Zudem skizzierte er mittelfristige Pläne für die Zukunft der europäischen Verteidigung. „Russland investiert seit drei Jahren zehn Prozent seines Bruttoinlandsprodukts in die Verteidigung - wir müssen ein Ziel von drei bis 3,5 Prozent anstreben“, und zwar jedes Land für sich. Auf europäischer Ebene seien fürs Erste „sicher mal 200 Milliarden Euro“ an Investitionen nötig, sagte Macron. Man müsse diese Mittel mit innovativen finanziellen Instrumenten mobilisieren, es gebe auch genügend EU-Fonds, die ungenutzt seien. Das hochverschuldete Frankreich schaffte es zuletzt nur mit Mühe, zwei Prozent seiner Wirtschaftsleistung für die Verteidigung aufzubringen.

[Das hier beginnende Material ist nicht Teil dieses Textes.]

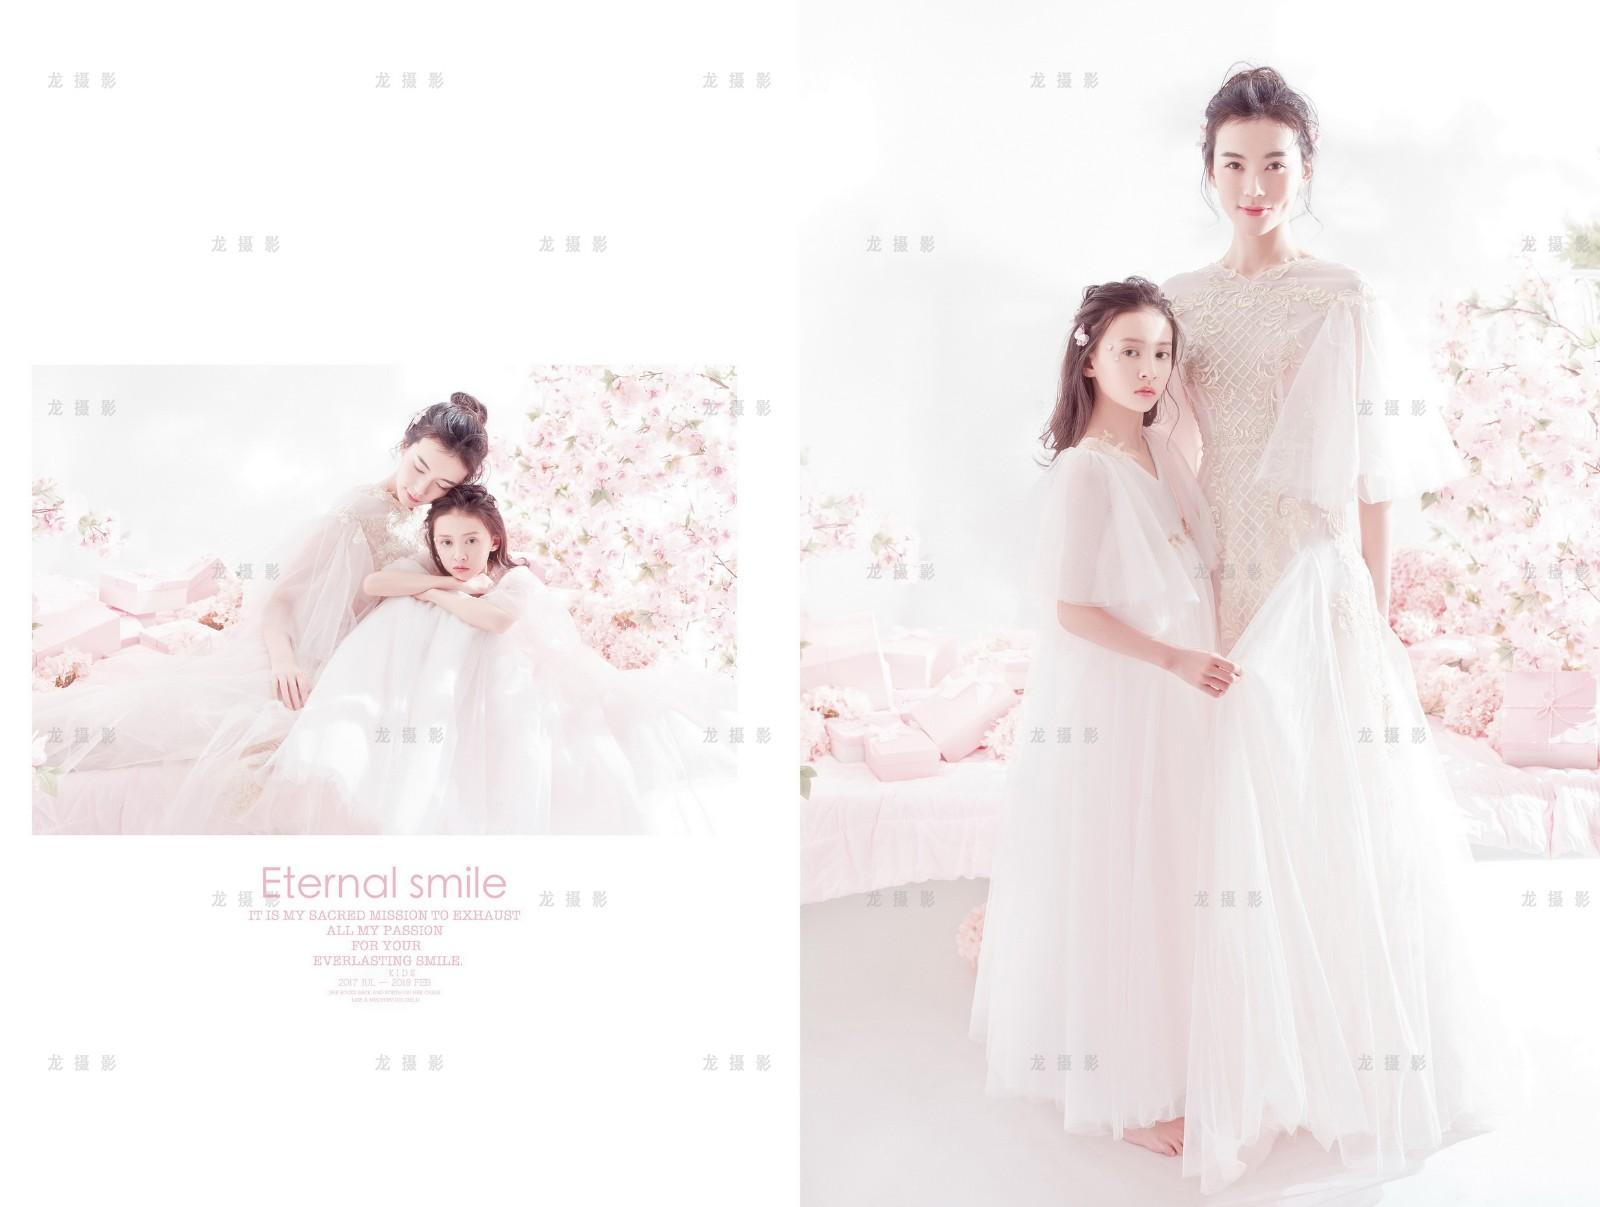 欧若拉|样片展示-朝阳尊爵龙摄影有限公司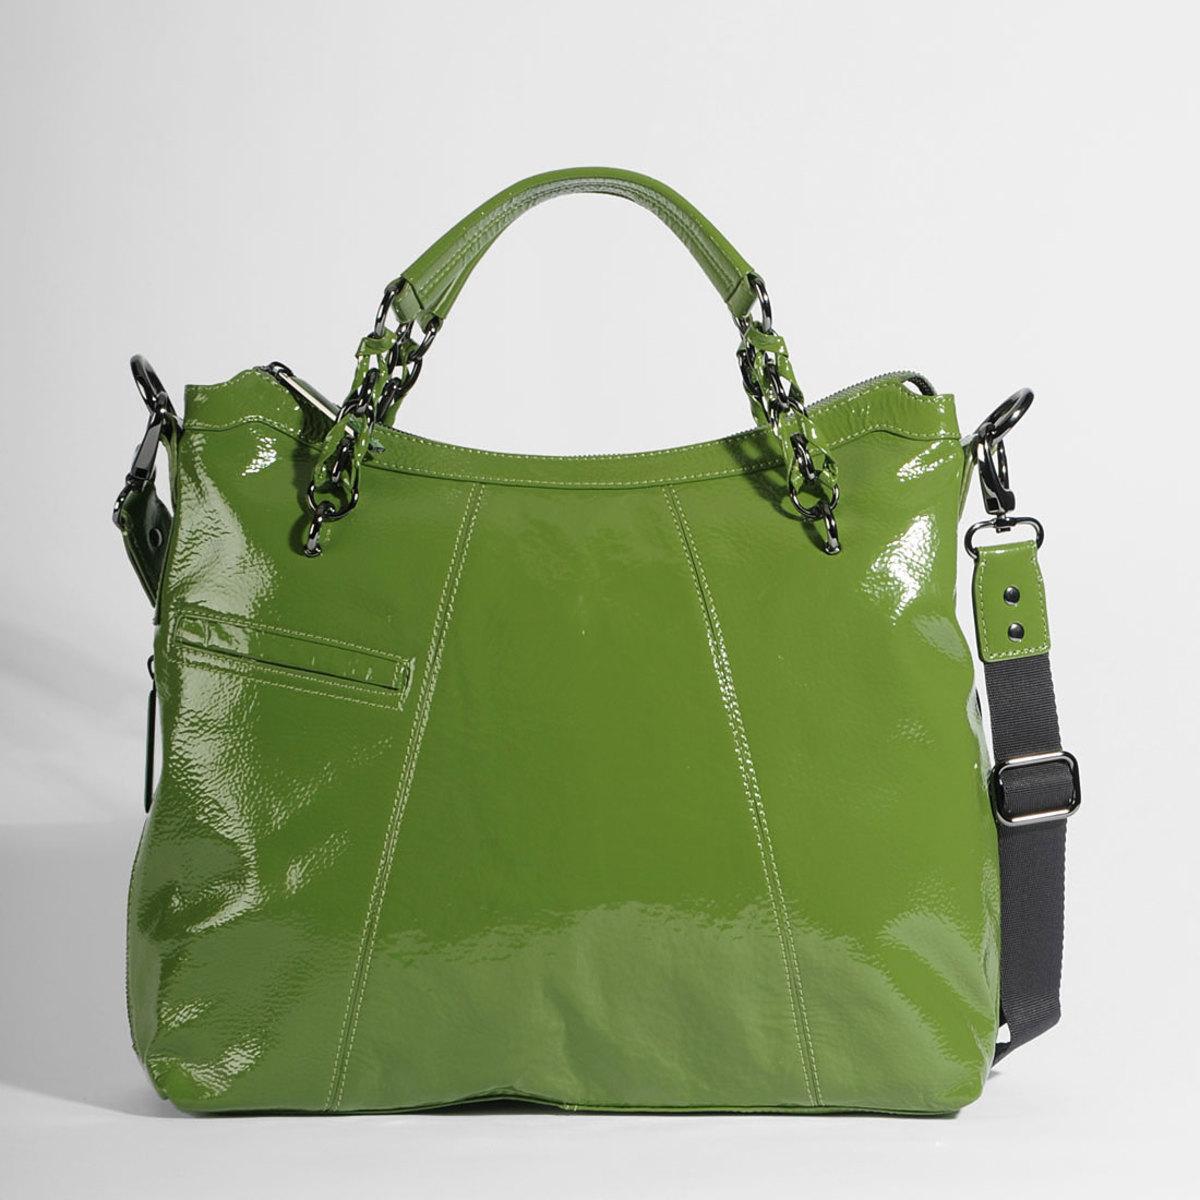 Mom-friendly bags by Hobo International - MomTrendsMomTrends

In Frankreich wird über die nukleare Souveränität des Landes debattiert
Macron wiederholte dann erneut, er wünsche sich „eine offene Diskussion“ über die Ausweitung des französischen Atomschirms auf Europa. Man könne sich auch vorstellen, nukleare französische Sprengkörper in anderen europäischen Ländern zu stationieren, wie das die Amerikaner gemacht hätten, um diese in der Not zu ersetzen. In Frankreich selbst hat dieses Angebot des Präsidenten eine heftige Debatte über die nukleare Souveränität des Landes ausgelöst. Nicht nur die extreme Rechte von Marine Le Pen wehrte sich wortreich gegen eine „Teilung“ der französischen Atommacht. Auch François Hollande, Macrons sozialistischer Amtsvorgänger, sagte am Montag, die nukleare Abschreckung teile man nicht, die sei von Natur aus national.
Macron und die anderen EU-Regierungschefs versammeln sich am Donnerstag zu einem weiteren Gipfel, diesmal in Brüssel, naturgemäß dann ohne Keir Starmer. Die britische Regierung nimmt derweil die Gespräche mit der US-Regierung wieder auf: Verteidigungsminister John Healey reist Mitte der Woche nach Washington, um sich mit dem US-Verteidigungsminister Pete Hegseth zu treffen.